* ASSIGNMENT
Reproduce the listing below exactly, except for its pictures.

* DATA SEGMENT
↓

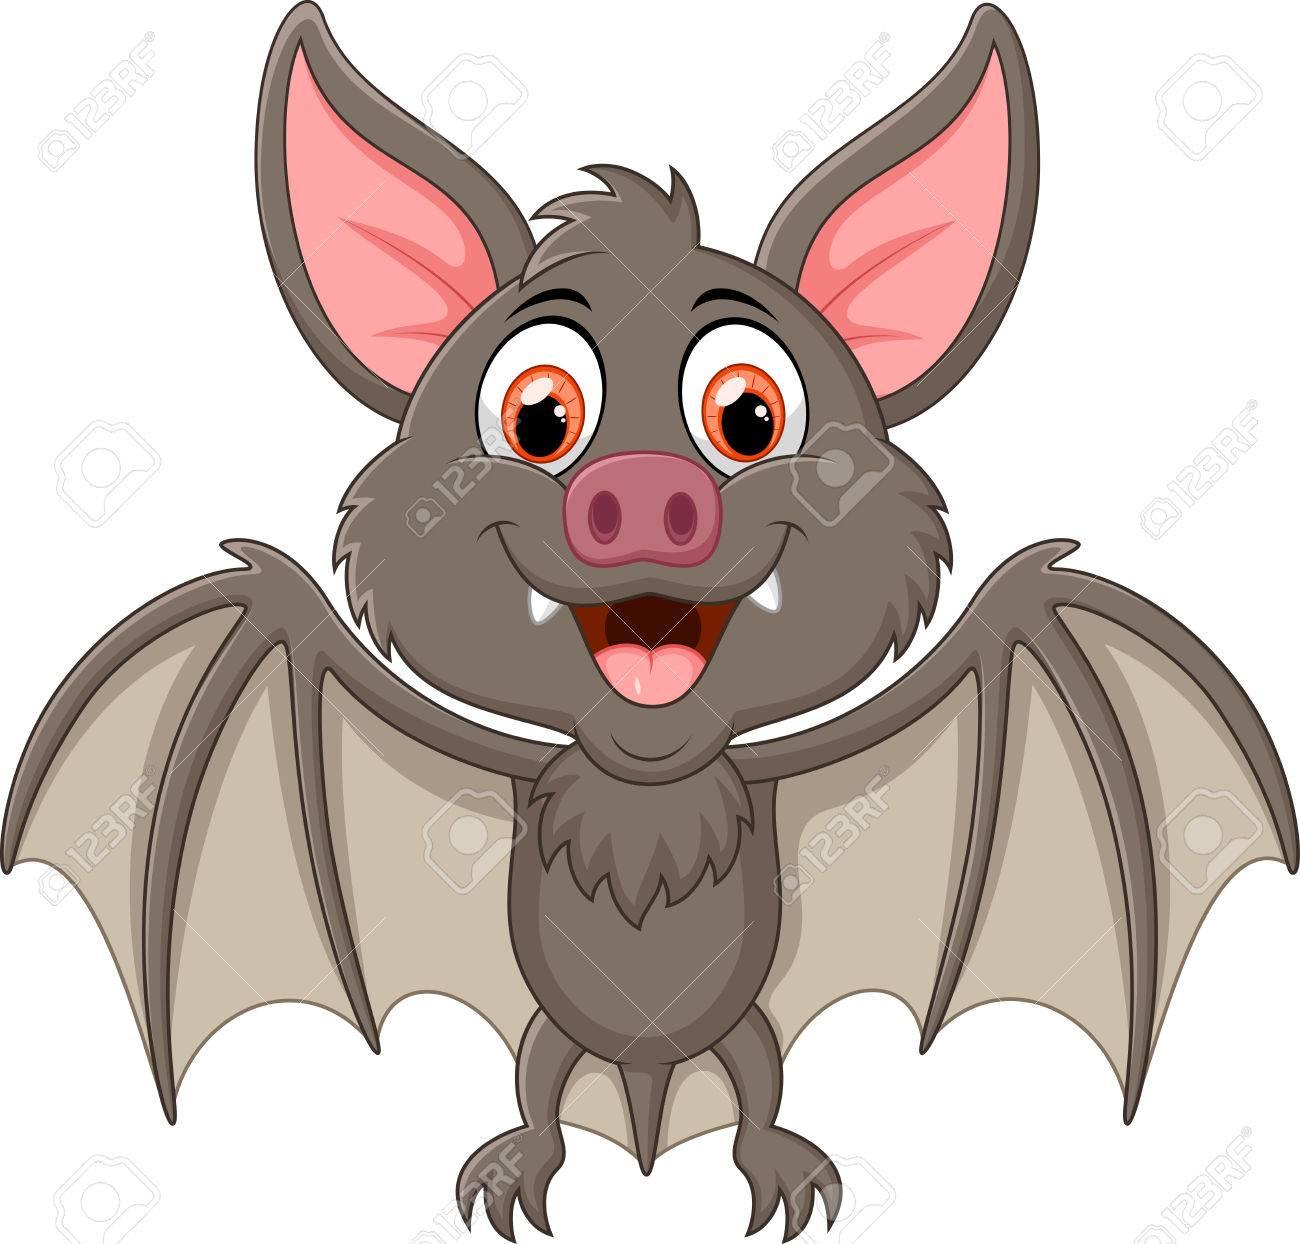 A Picture Of A Cartoon Bat happy vampire bat cartoon character flying
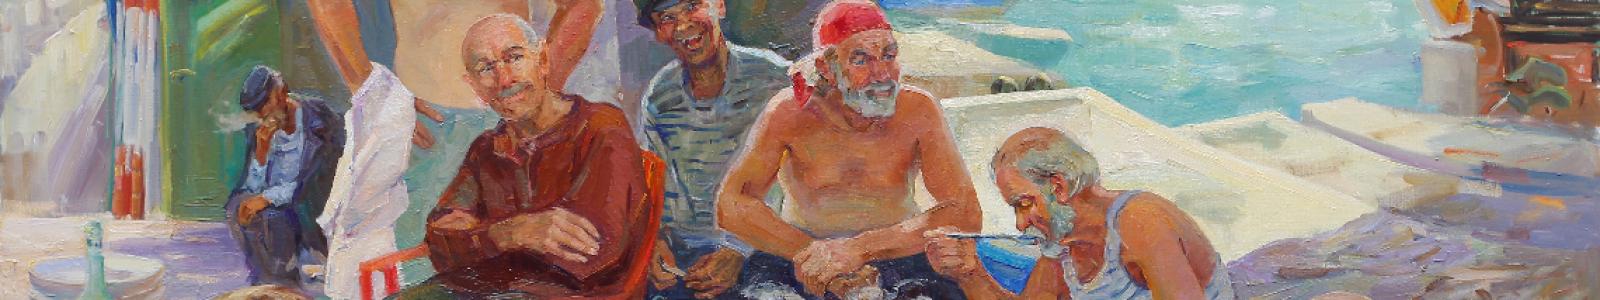 Gallery Painter Juliya Kolaktionova
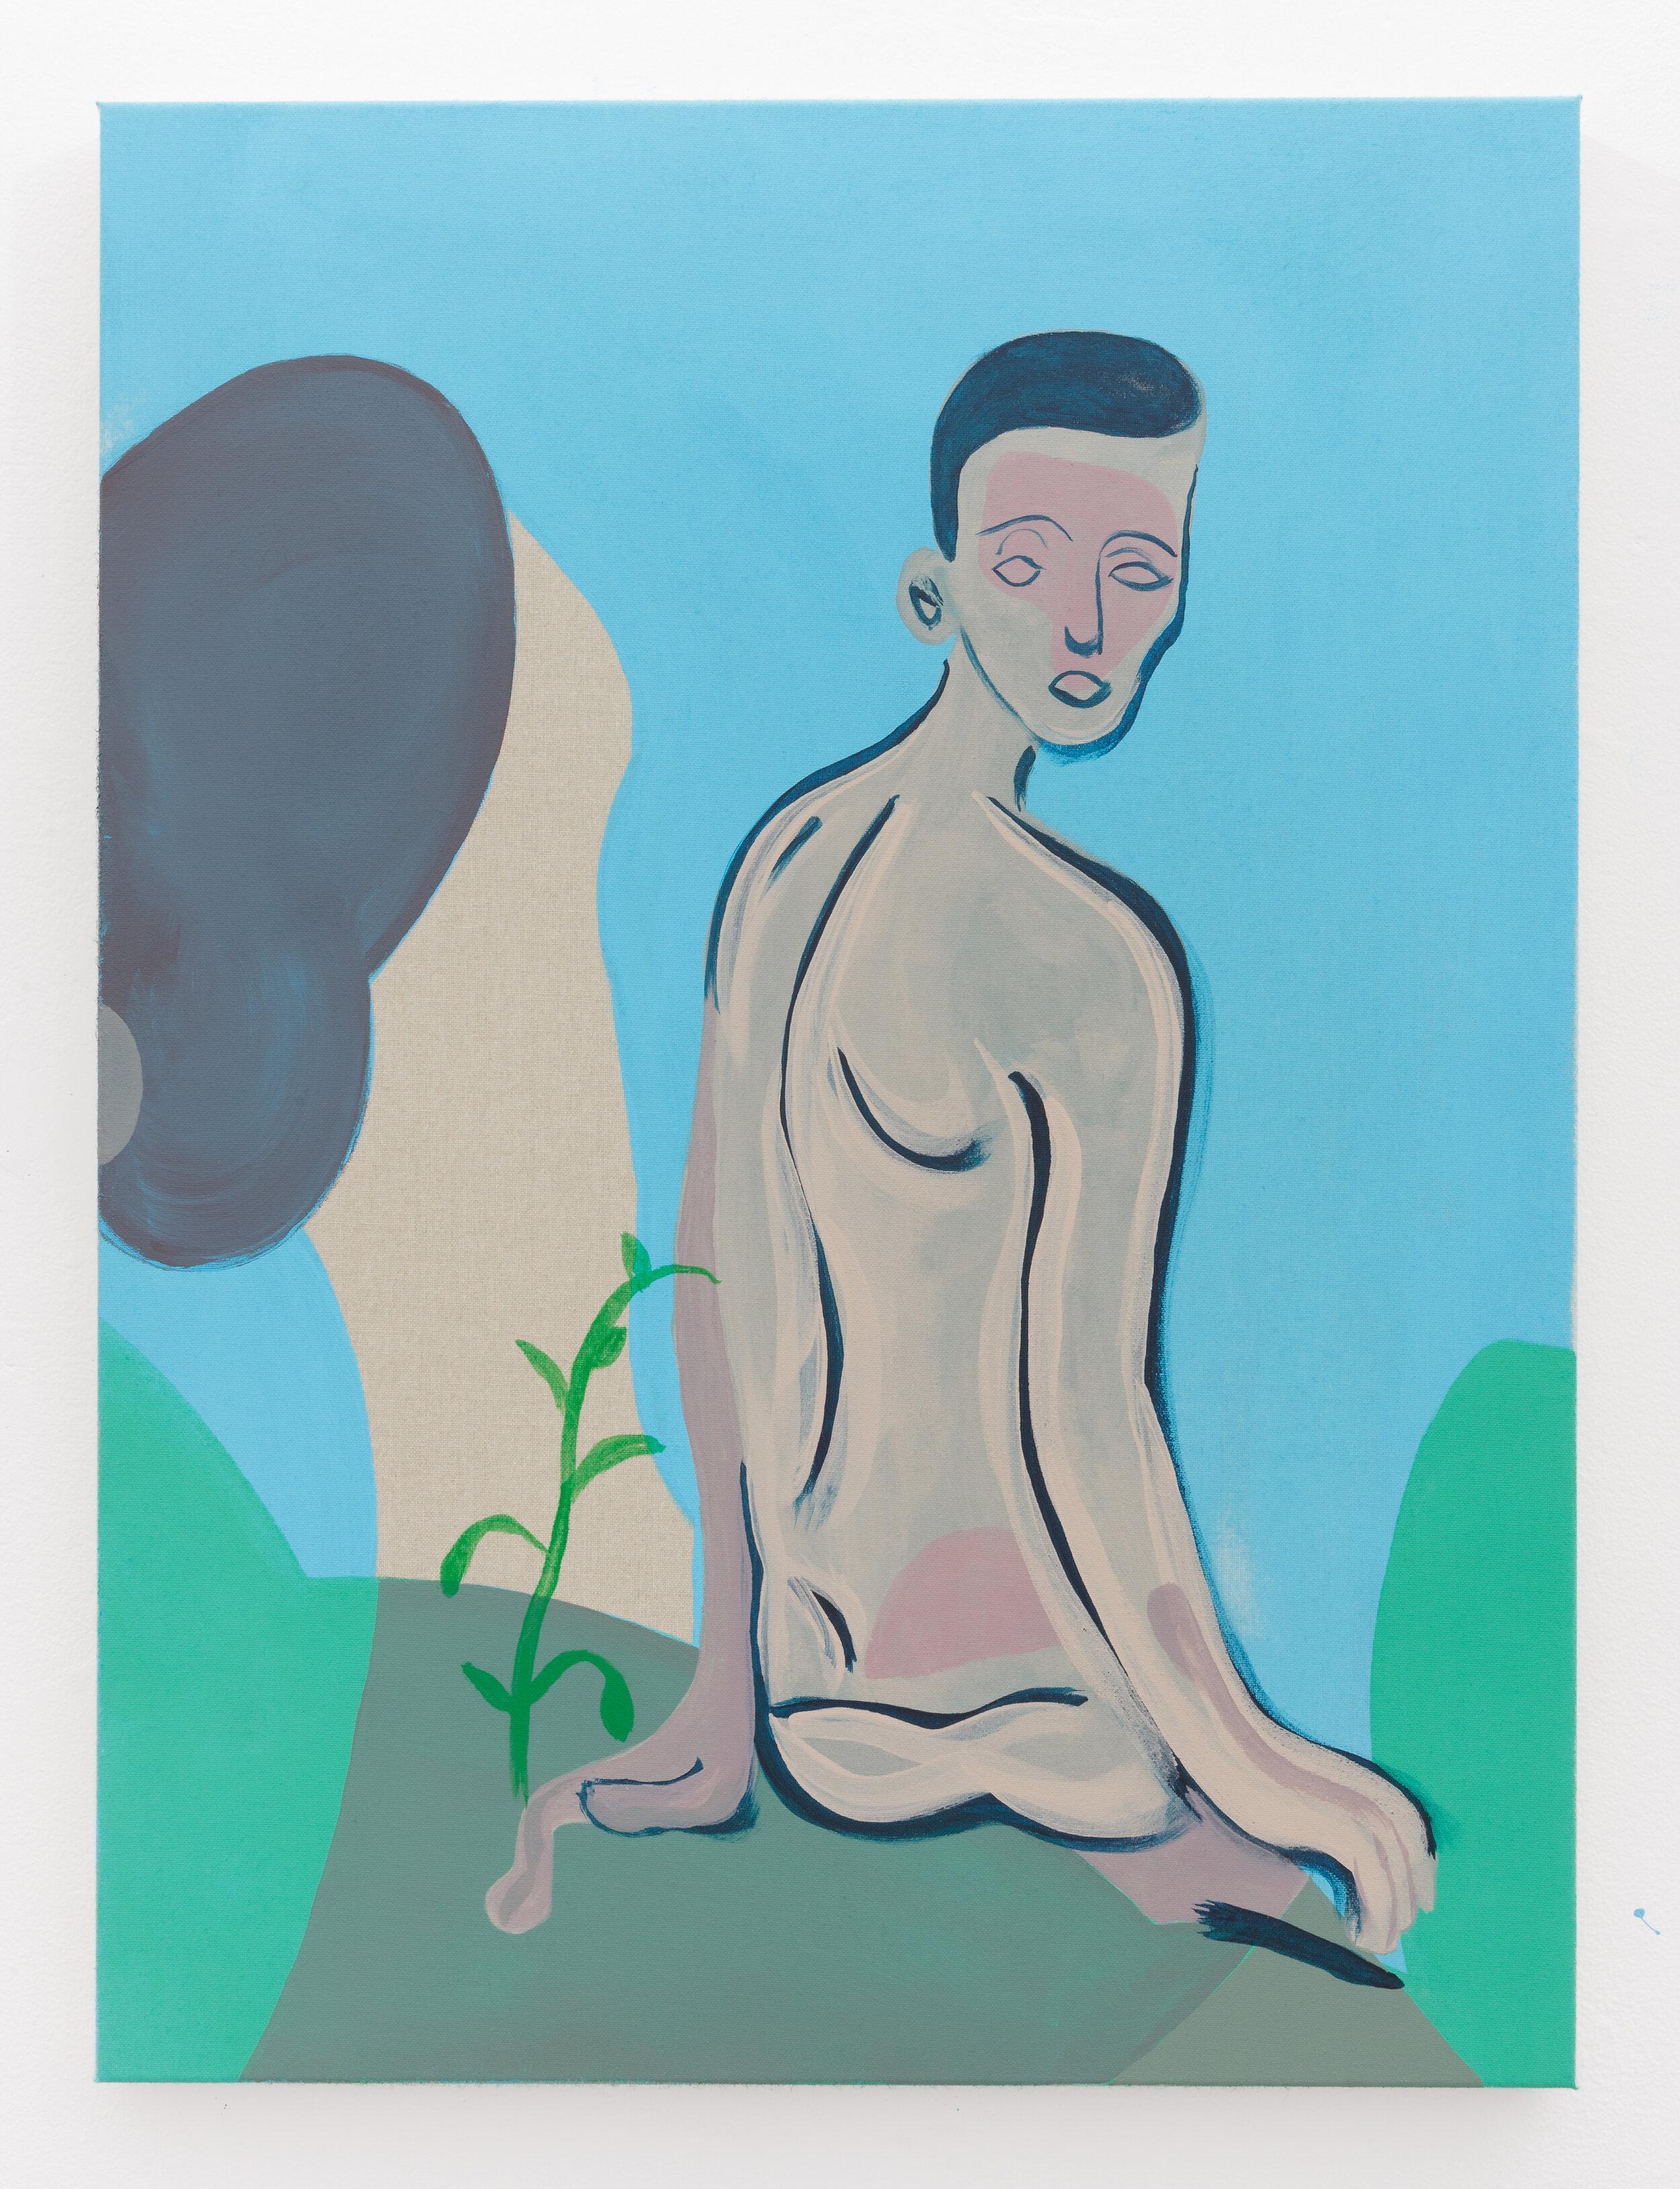 Cedalion , 2018. Acrylic on polyester, 68.5 x 51 cm.

↑

* SOLUTION TO THE EXERCISE
 A Picture Of A Cartoon Bat happy vampire bat cartoon character flying
 Gallery Painter Juliya Kolaktionova
 Cedalion , 2018. Acrylic on polyester, 68.5 x 51 cm.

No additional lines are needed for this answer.